Best starting point: His Human Nanny
Best order for most readers: read each series in publication order, and treat the side shelves as optional
Most important continuity note: Monster Bites is a spin-off from Monsters Love Curvy Girls, so it lands better after you already know that world

The best Michele Mills reading order for new readers

  1. His Human Nanny
  2. Finish Monsters Love Curvy Girls
  3. Move to Monster Bites
  4. Pick either Alien Bounty Hunters or The Fever Brothers
  5. Add Orcs Love Curvy Girls later
  6. Use the vampire, auction, tattoo-shop, and holiday/shared-world books as optional side reading

Main series in order

Monsters Love Curvy Girls

This is the safest starting shelf and the center of Michele Mills’s current brand. Read it straight through in publication order. Goodreads lists 14 primary works in the series, including the later additions through His Human Librarian.
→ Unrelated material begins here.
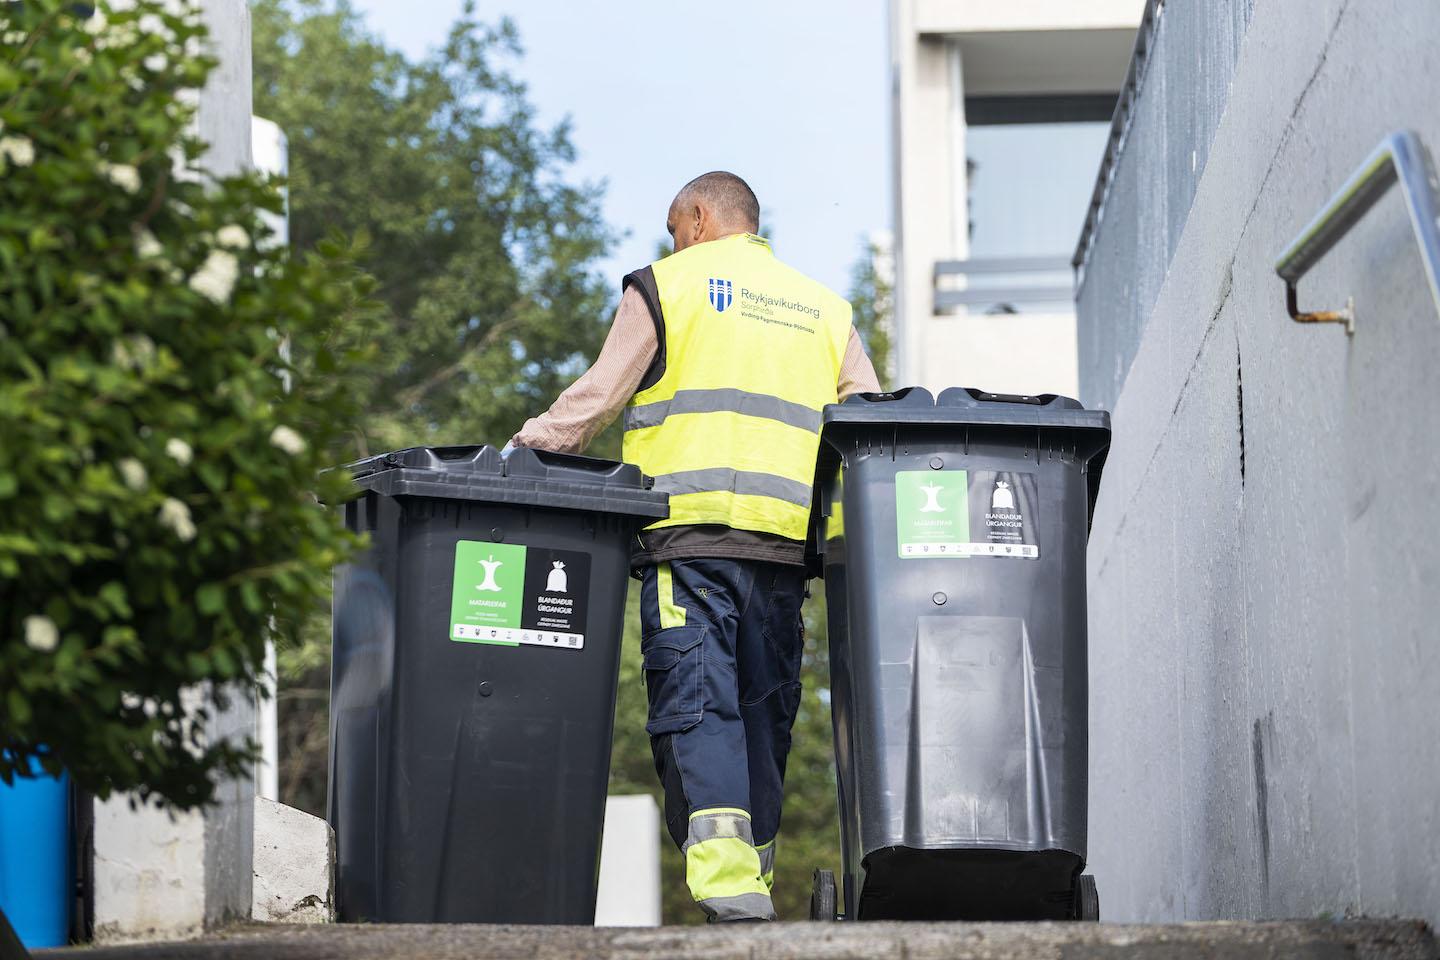 Waste collection worker with two waste bins.

  1. His Human Nanny (2020): An indentured human heroine reaches for freedom and gets pulled into the possessive monster-romance dynamic that establishes the series tone immediately.
  2. His Human Surrogate (2020): A forced-close-proximity setup around pregnancy and caretaking leans harder into the protective, domestic side of the series formula.
  3. His Human Assistant (2020): A heroine on the run collides with a more corporate setup, showing how the series mixes danger with fast romantic escalation.
  4. His Human Organizer (2021): A grumpy-boss setup gives the line a tidier rom-com frame while keeping the same high-protection monster energy.
  5. His Human Ward (2021): The Fire Lord thread becomes more visible here, making this one useful for readers who like the manor-and-guardian side of the world.
  6. His Human Stalker (2022): The series swings into a sharper, more intrusive pursuit setup, but stays inside the same curvy-girl/monster-romance lane.
  7. His Human Socialite (2022): A blind-date opening gives this entry a more overtly social and matchmaking feel before the bond intensifies.
  8. Fire Lord Holiday (2022): A seasonal entry that still belongs on the main shelf, especially if you are following the Fire Lord side of the setting.
  9. His Human Neighbor (2023): The series shifts into a more domestic, close-to-home setup without changing its core romantic pattern.
  10. His Human Widow (2023): A heroine tied to a dead war hero brings grief and aftermath into the world, giving this book a slightly heavier emotional angle.
  11. His Human Runaway (2023): A stranded-in-the-wilderness opening pushes the series back toward survival tension and immediate dependency.
  12. His Human Rebel (2024): The heroine arrives with open friction already in motion, making this one feel more oppositional before the romance settles.
  13. His Human Librarian (2024): An enemies-to-lovers, slower-burn variation that refreshes the series late by leaning into banter and resistance.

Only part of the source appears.